As the networks see it, pooling can continue to grow on the back of new large multinationals from Asia and Latin America and by developing the middle market in the USA and Europe. This requires investing in educating market participants – in particular intermediaries and HR leadership.
After fifty years of service, one thing is certain: insuring risk requires proper pricing and underwriting, mutualization, and spread of risk. In order to make this sustainable in the medium to long term, it is time to start seeing global arrangements as tools for global data and reporting, where governance and risk management programs require active management from the client, rather than relying on “pools of convenience”.

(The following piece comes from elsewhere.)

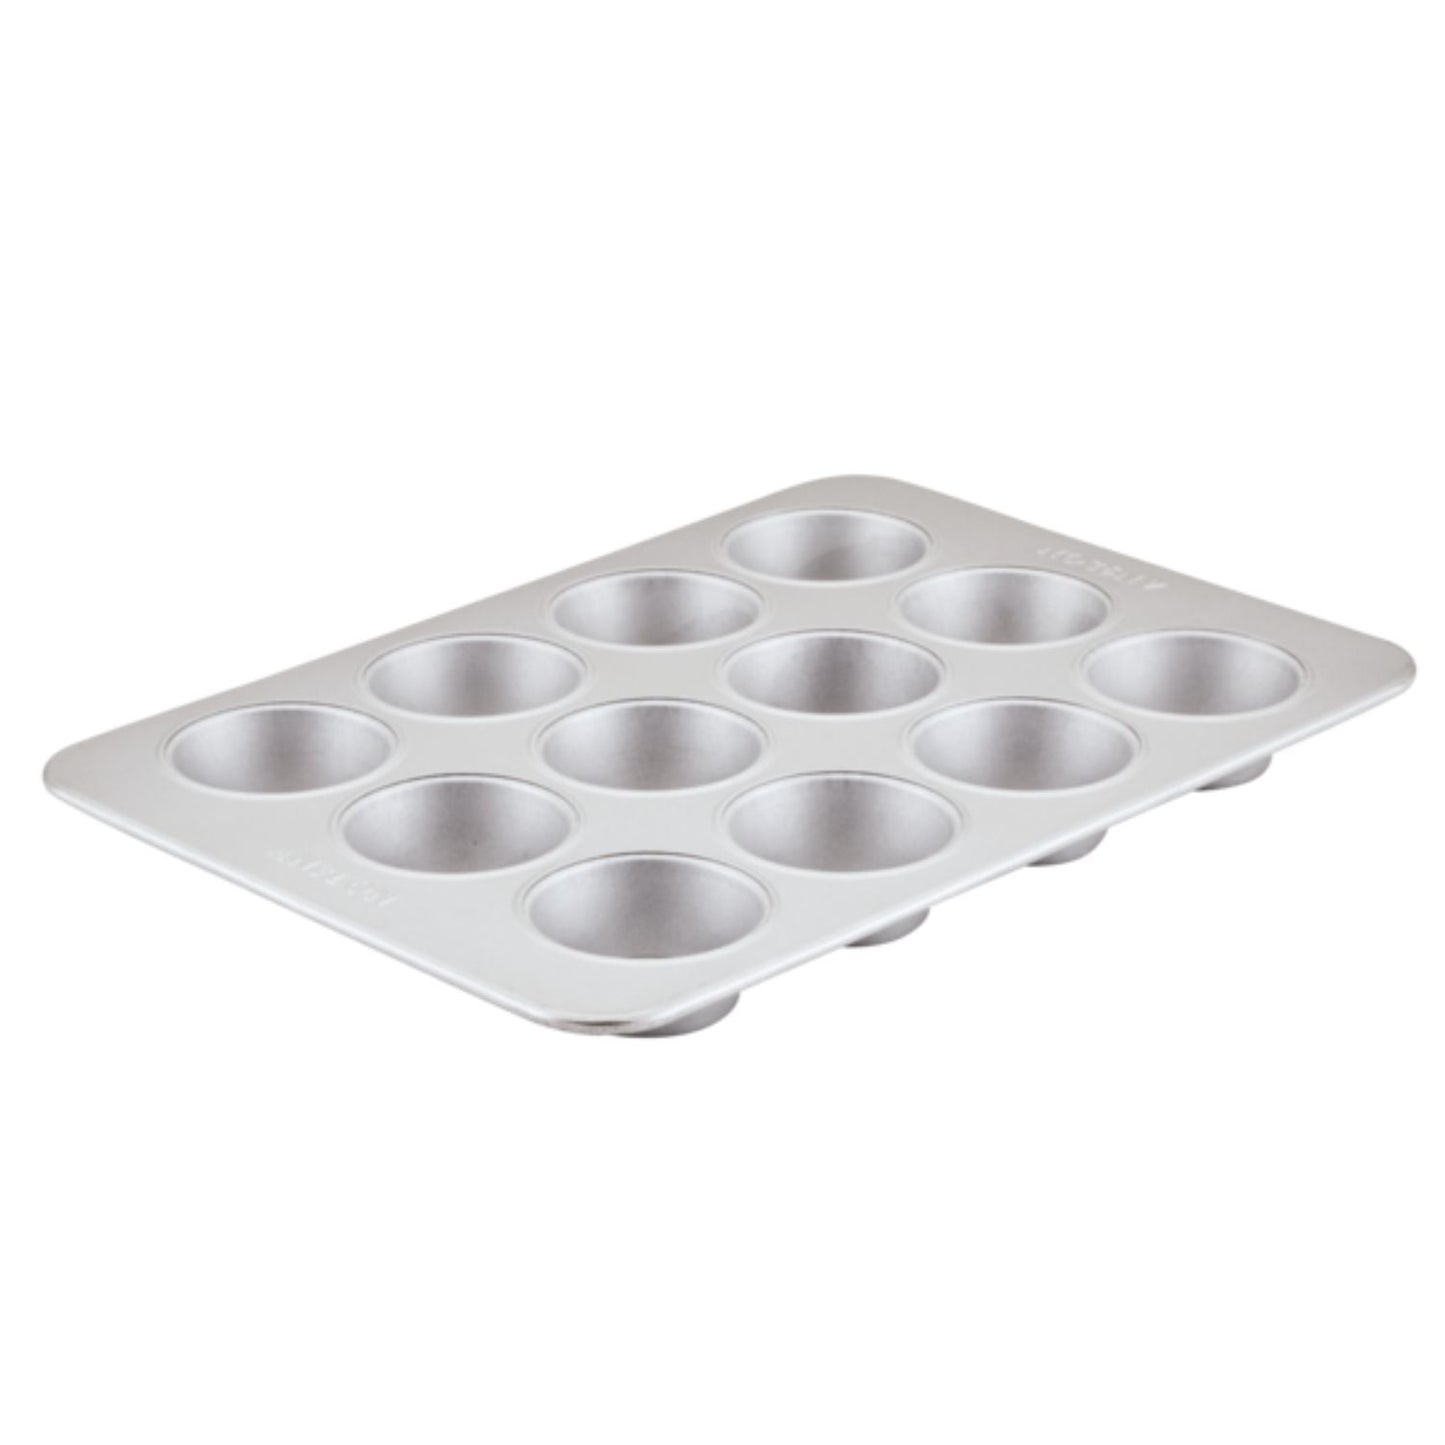 Anolon Pro-Bake Muffin Pan 12 Cup

Think about fire and explosion, or business interruption, and the role of risk engineering whereby insurers assist their clients in preventing hazards up front – as opposed to shelling out money when something has happened. We believe the same is happening or must happen in employee benefits – see the current trend in wellness/wellbeing initiatives. Of course, it is doctors not engineers who do the job, but the underlying thinking is the same’. – Roland de Crombrugghe, AIG GBN
‘Clients want assurance that local plans are in compliance with all applicable laws and regulations; and they want both financial strength and reporting capabilities to be guaranteed by one single counterparty as opposed to having to deal with multiple, unfamiliar providers around the world’. – Ludovic Bayard, Generali GEB
‘What clients really expect from us nowadays is more data to feed into the management and governance of their employee benefit plans.’ – Mauro Dugulin, MAXIS
‘Multinational organizations and their needs are changing; intermediaries as well as insurance carriers need to look for new ways to address the changing markets.’ – Wendy Liu, Zurich
‘… pooling will continue its steady growth, driven by young large multinationals from Asia and Latin America [who are] setting up their multinational pools, and by the development of the middle market in the USA and Europe. That is provided that we, as an industry, succeed in educating the market, including insurance intermediaries. To that end, we need to get the message about pooling across to HR leaders in a trusted way.’ – Morten Unneberg, Insurope
‘There will be continued demand for pooling, for international dividends, for risk coverage; and at the same time, for more data, more reporting, more employee communications, more benchmarking… Employers need to benchmark their plans against their peers and employees should get benchmarking information to assess how rich their plans really are.’ – Peter de Vries, IGP
‘For our market to be sustainable, clients need to recognize and make better use of the networks’ capabilities, for example, accessing relevant claims analytics and data, as opposed to focusing on price only. Networks can be of great help in coordinating local capabilities and in helping define global company-wide employee benefits strategies.’ – Wendy Liu, Zurich Global Employee Benefits Solutions
‘… the market, to this day, remains woefully underserved – and there is room for all players and for all solutions: captives, global underwriting, pooling – and for ideas yet to come!’ – Michael Hansen, Swiss Life
One also needs to see service and coordination as a way to add value, rather than engaging in exercises purely for procurement, that are aimed only at reducing the company’s insurance spending over the next one to three years.
The potential market for pooling consists of the vast majority of multinational organizations. It continues to grow and at the same time, remains largely untapped. As a result, pooling definitely has a great future, alongside other optimization tools such as captives, global underwriting, and other, still to be invented solutions. And there is room for all players, consultants, brokers, and networks alike, to add their distinctive value to the management of employee benefits on a global basis.